| GIVEN RECORDS |
==============================

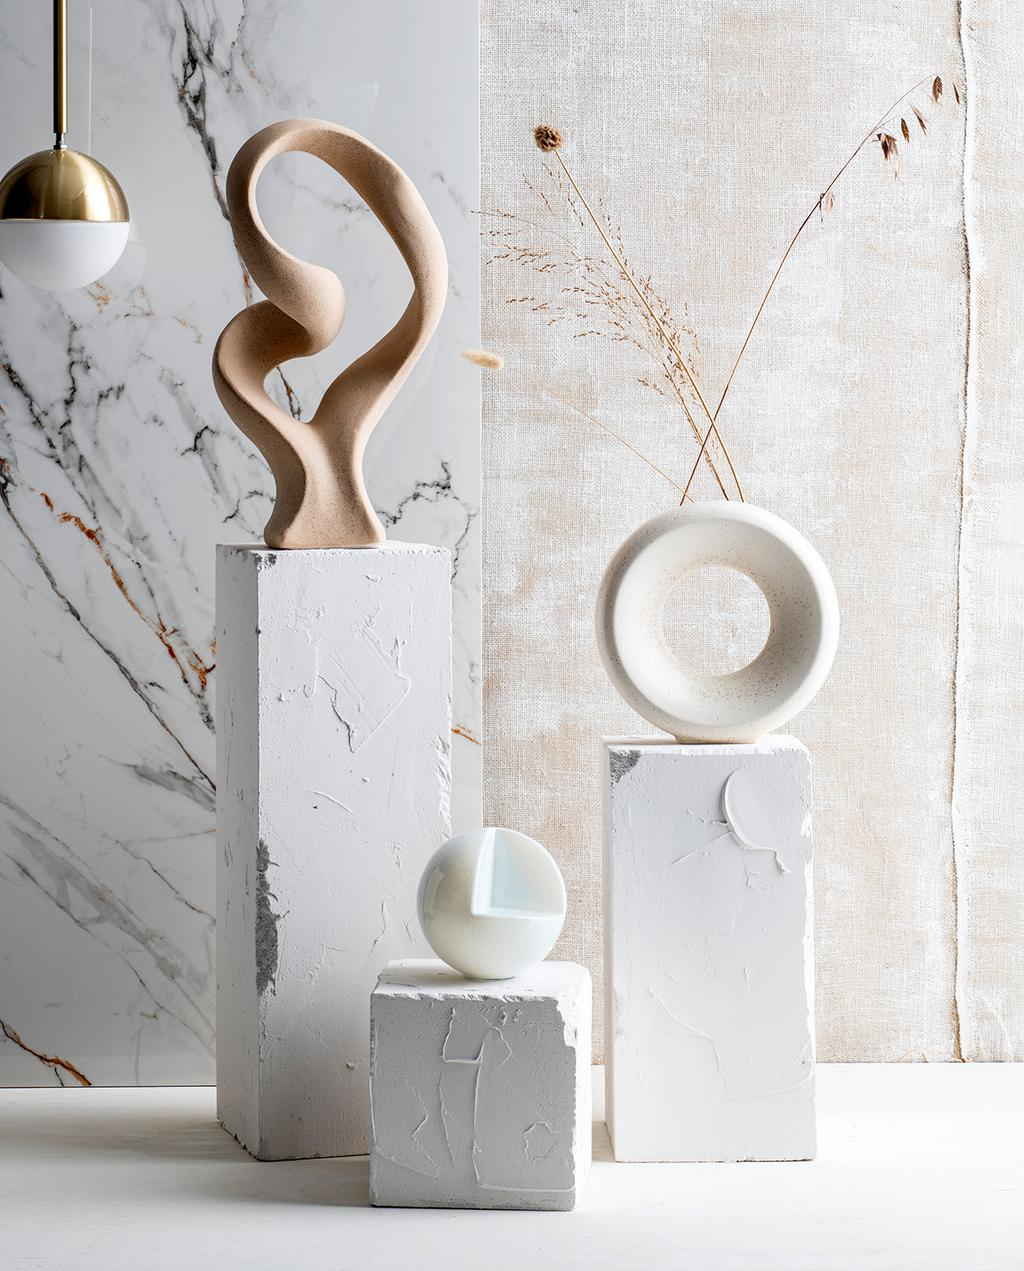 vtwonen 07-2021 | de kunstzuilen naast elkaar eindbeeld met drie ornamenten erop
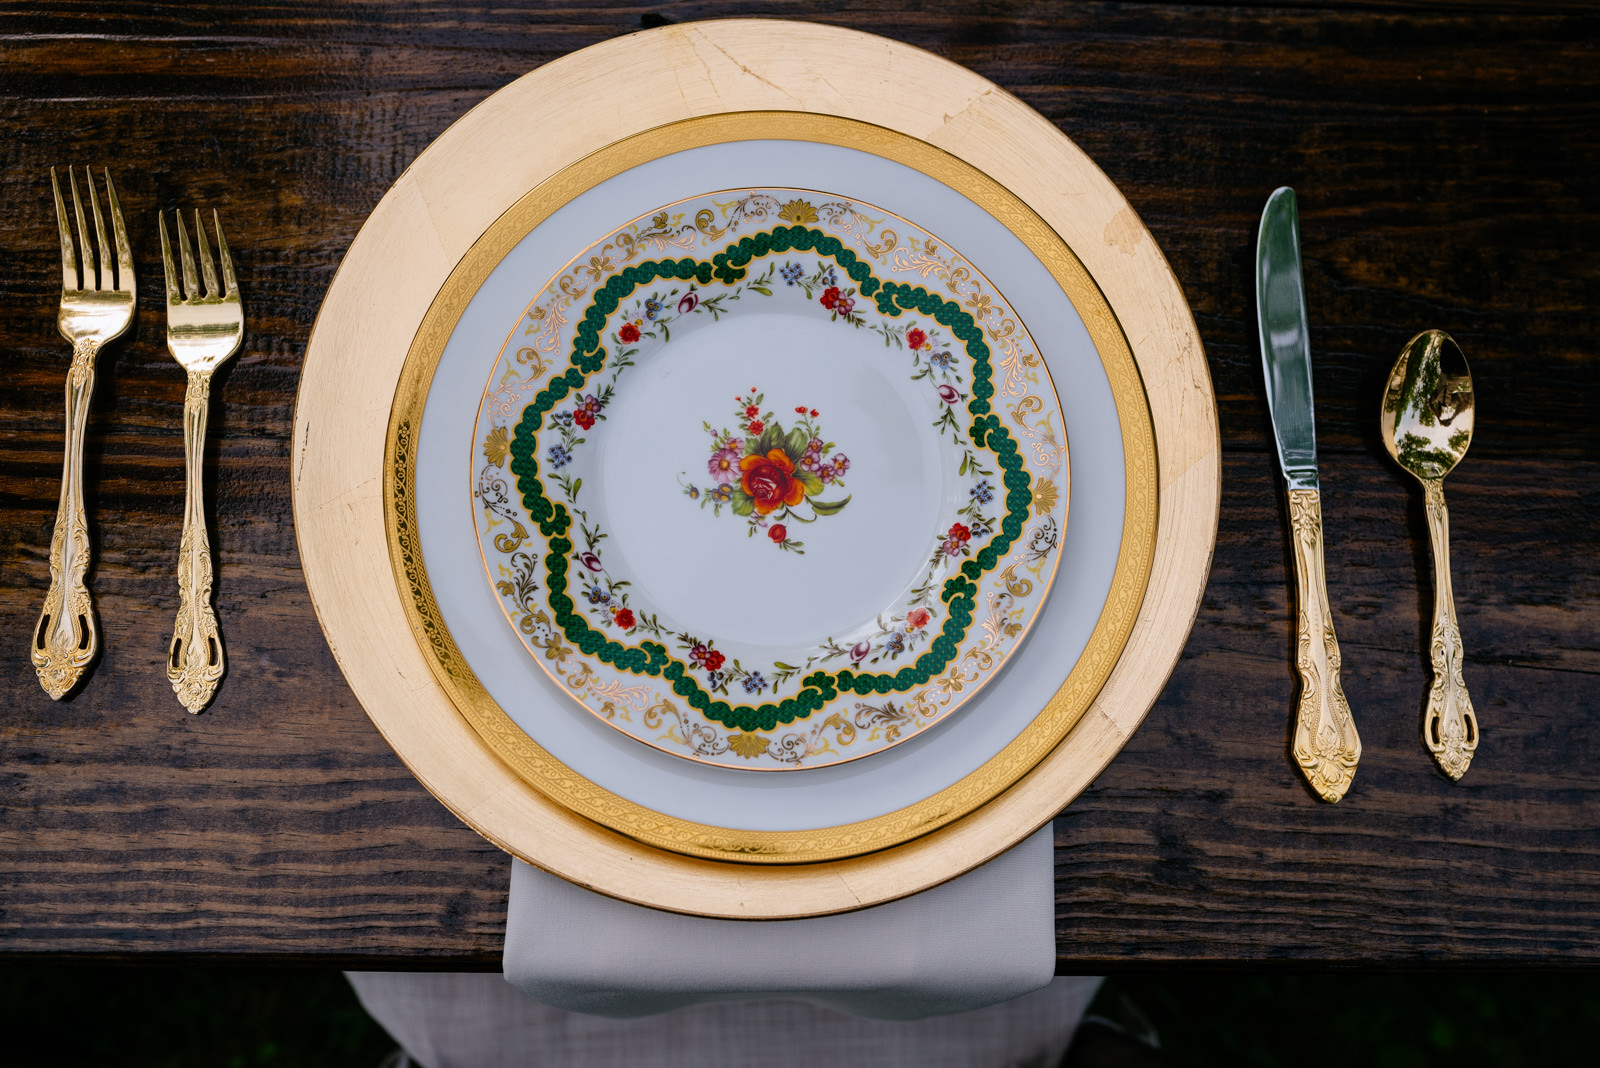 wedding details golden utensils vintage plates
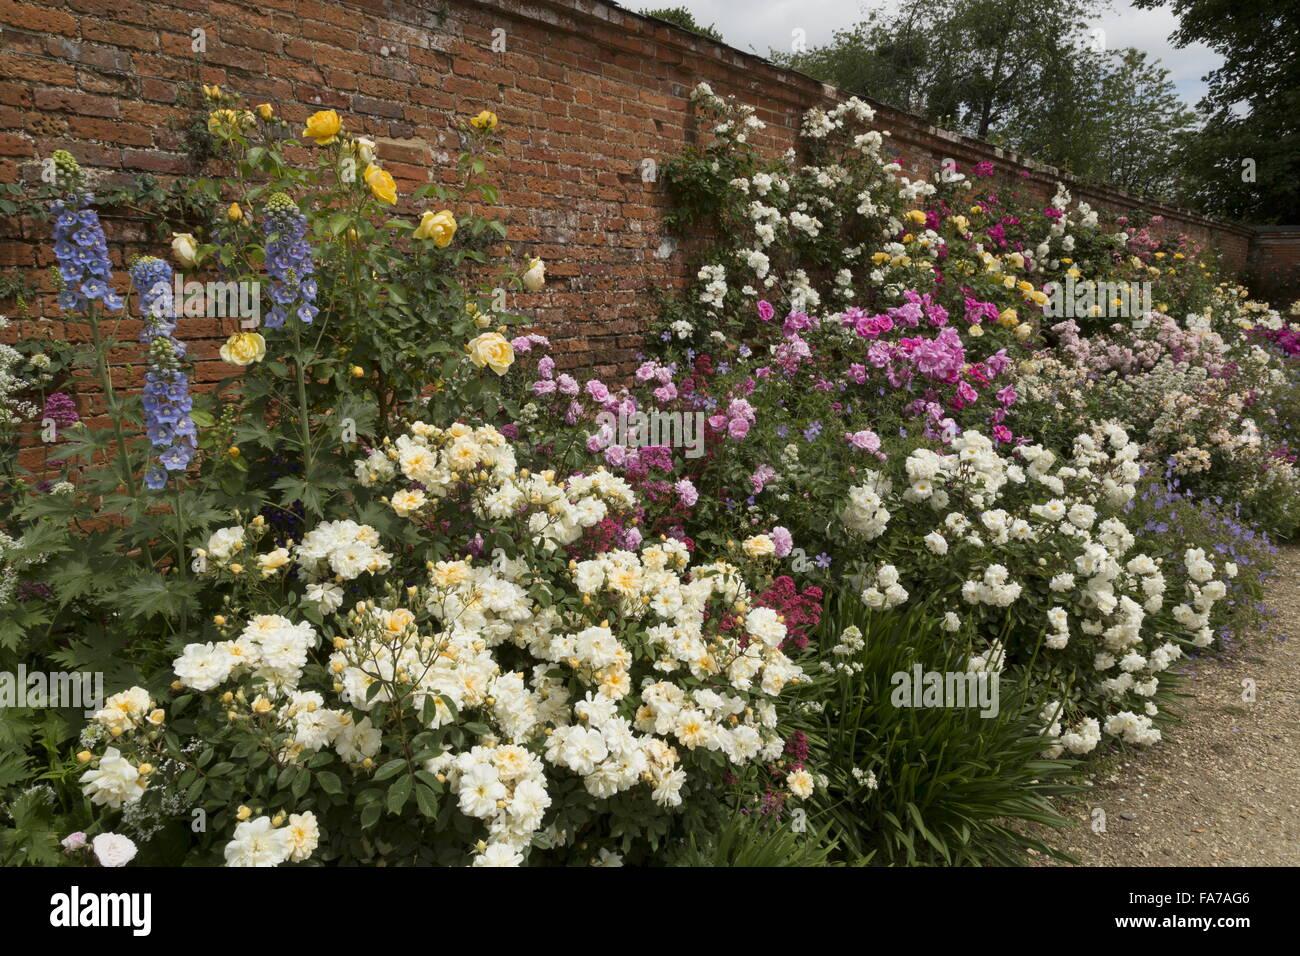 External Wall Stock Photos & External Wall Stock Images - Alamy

==============================

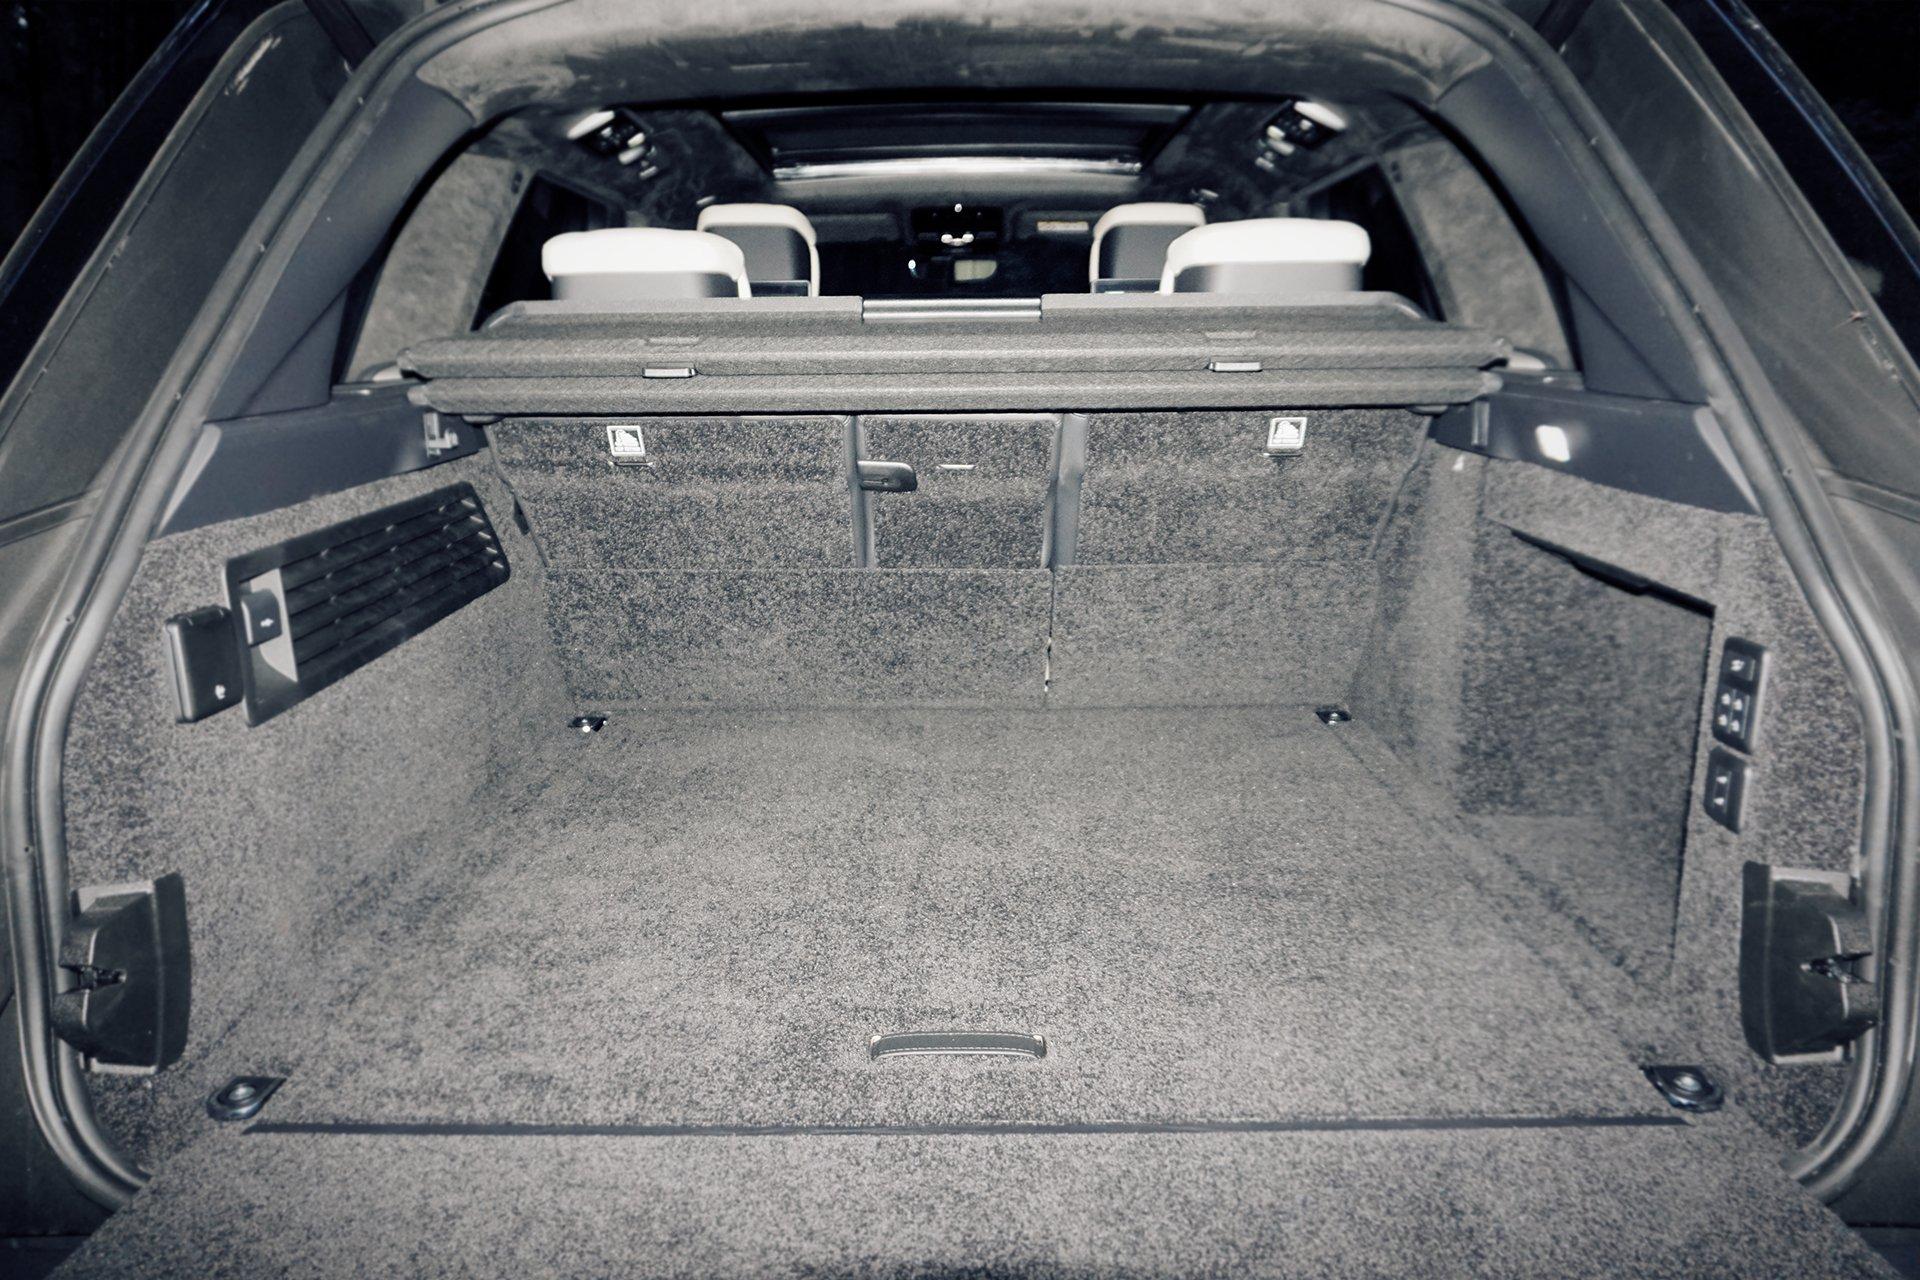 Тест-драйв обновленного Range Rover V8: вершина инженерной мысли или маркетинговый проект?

==============================

| BRIEF |
Copy exactly the material above from the line with "vtwonen 07-2021 |" to the line with "External Wall Stock Photos", ends included, and nothing else. Leave out any picture.

| RESPONSE TO THIS EXERCISE |
 vtwonen 07-2021 | de kunstzuilen naast elkaar eindbeeld met drie ornamenten erop
 wedding details golden utensils vintage plates
 External Wall Stock Photos & External Wall Stock Images - Alamy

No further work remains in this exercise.